As The Dispatch reported earlier this week, signees Johnquarise Patterson and Malik Heath, who are both wide receivers, are going to junior college. Patterson will attend Jones County Junior College in Ellisville, while Heath will go to Copiah-Lincoln Community College in Wesson. Moorhead said he couldn't comment about Patterson or Heath as they aren't enrolled at MSU. 


As for Webb, a former standout at Beauregard (Ala.) High School, Moorhead said the school is waiting for him to clear one more hurdle. 


"We're still waiting to hear on that (hurdle)," Moorhead said about Webb's enrollment being cleared by the NCAA. He expects that to go well. 
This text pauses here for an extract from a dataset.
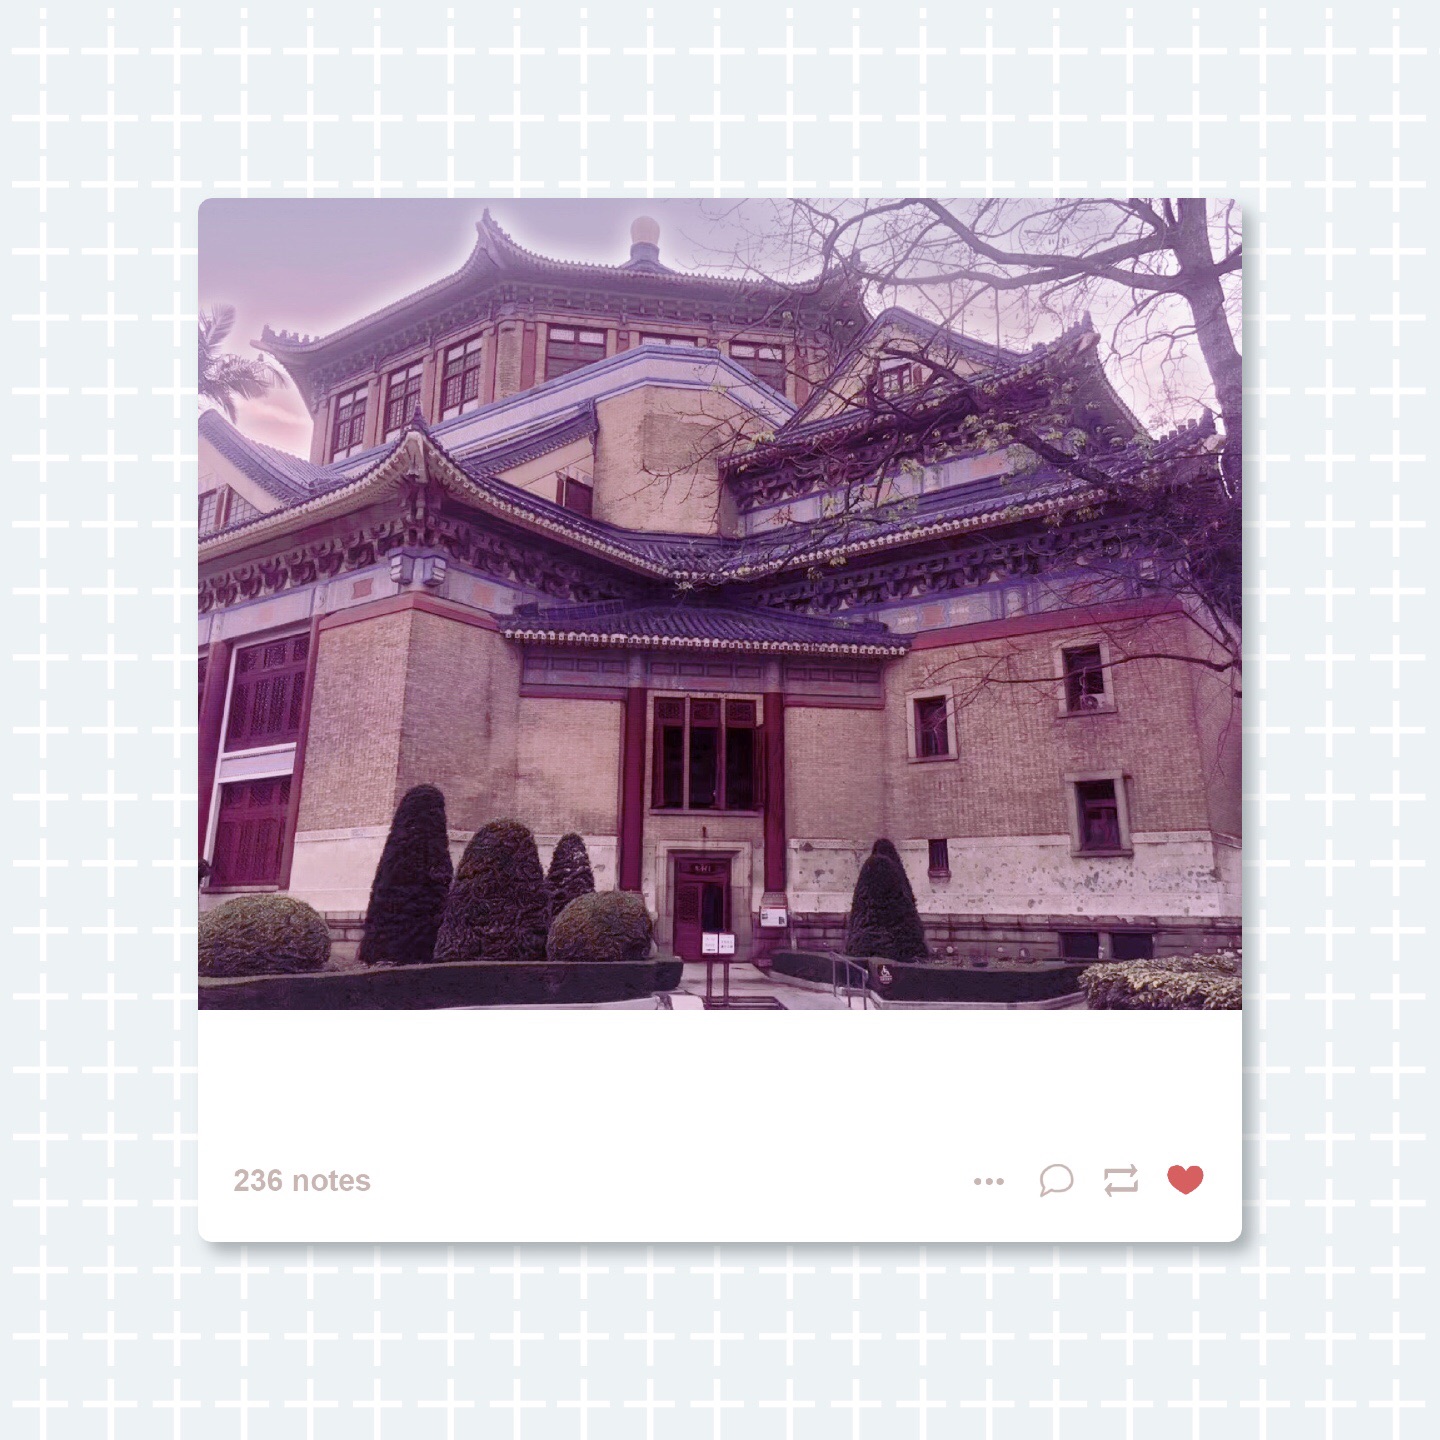 广州｜刷爆朋友圈特显艺术高贵气质的宫殿式建筑-中山纪念堂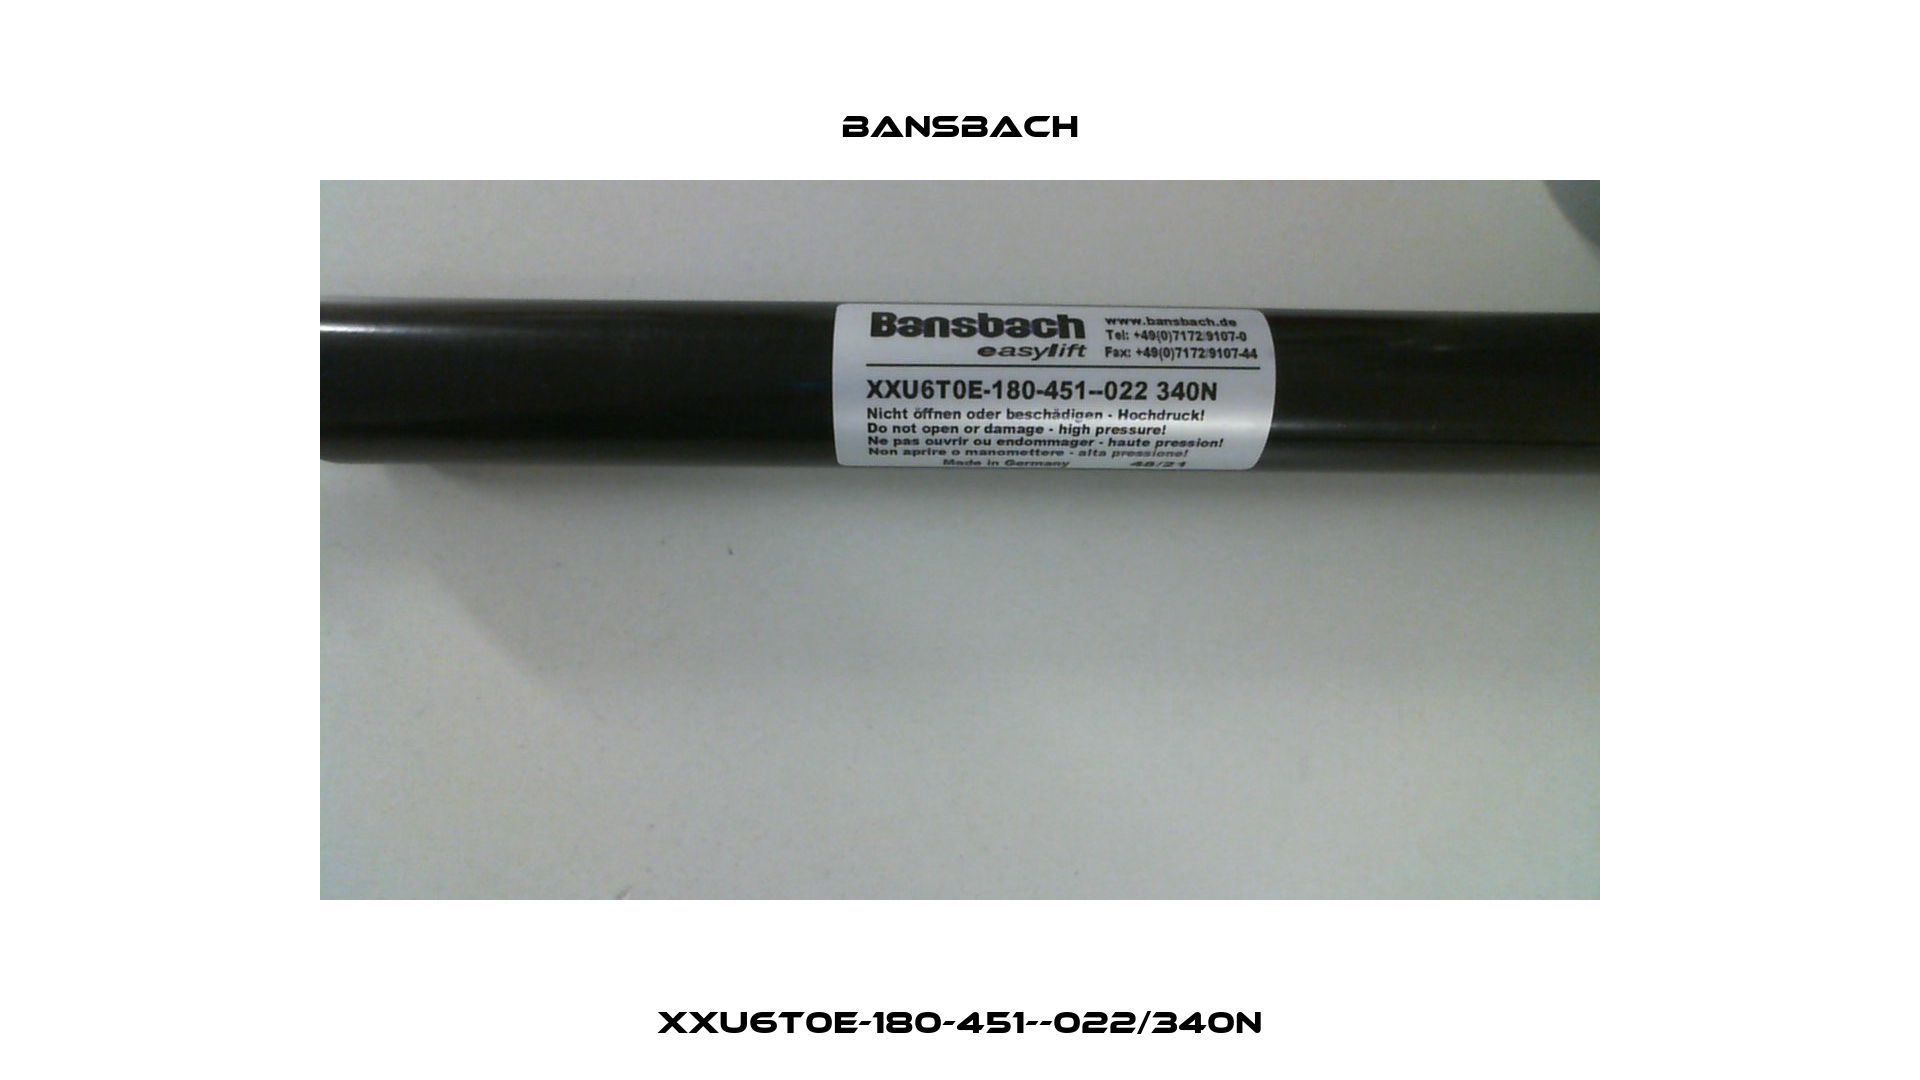 XXU6T0E-180-451--022/340N Bansbach

Webb was a three-star prospect, according to most recruiting sites. He was the first junior to win Alabama's Mr. Football award after rushing for 3,242 yards and an Alabama High School Athletic Association (AHSAA) record 49 rushing touchdowns. He helped the Hornets win their first state championship in school history as a junior with Super 7 records in rushing attempts (51), rushing yards (359), and touchdowns (five) in the championship game. 


The 5-foot-8, 185-pounder rushed for 1,841 yards and 24 touchdowns as a senior. 




Hancock, Saban address UCF 


With the executive director of the College Football Playoff and the coach of the reigning national champions in the same building on the same day, one topic was bound to come up: Central Florida, the team claiming the championship Bill Hancock's organization awarded to Alabama coach Nick Saban. 


"For the College Football Playoff, things are simple: Play a good schedule, win your games, and you're going to be in the hunt," Hancock said. "That holds true for UCF and Houston and Northern Illinois, as well as Alabama and Ohio State and Texas and Washington." 


Said Saban, "I'm not responsible for the system that determines who gets in the playoffs, but I think they did a good job of determining who got in the playoffs." 


In April, UCF unveiled a national championship sign and handed out national championship rings prior to the team's spring game. UCF completed a 13-0 season with a 34-27 victory against Auburn in the Peach Bowl. It contends it is the national champion based on the fact it was the only undefeated team in 2017, even though Alabama won the CFP. 




Missouri's offensive experiment 


Derek Dooley's tenure as coach at Tennessee ended after less than three seasons following a 41-18 loss at Vanderbilt. 


Dooley, who went 15-21 at Tennessee and also was head coach at Louisiana Tech, spent the last five seasons as a coach with the NFL's Dallas Cowboys. He worked as wide receivers coach this past season and then moved to Missouri in January to take over for Josh Heupel, who left to become UCF's new head coach. 


When Dooley left the NFL to become Missouri's offensive coordinator and quarterbacks coach, questions immediately surfaced about the Tigers' offense. 


Missouri is still trying to figure out the answers. 


Quarterback Drew Lock described the first spring under Dooley as a big experiment. He said Dooley threw myriad concepts at the players to see what they executed well and what they didn't. From there, Dooley will form the playbook. 


"He's going to do that again during camp, just to put some things in we didn't run well that he really wants us to have," Lock said. "I've really enjoyed my time. I wish I could have more." 


Lock said his conversations with Dooley, the fact that Missouri returns 10 of 11 starters on offense, and the chance to get his degree contributed to his decision to bypass the NFL draft and stay at Missouri. Missouri coach Barry Odom expects that decision to be rewarded. 


"When we hired Derek, I wanted to make sure we're able to maintain some of the things we've done with success the last couple of years," Odom said, "but also as a head coach there were things I wanted to move to offensively that gave us a chance in either third downs or red zone or second and short, the different situations you get in football on some different ways to play."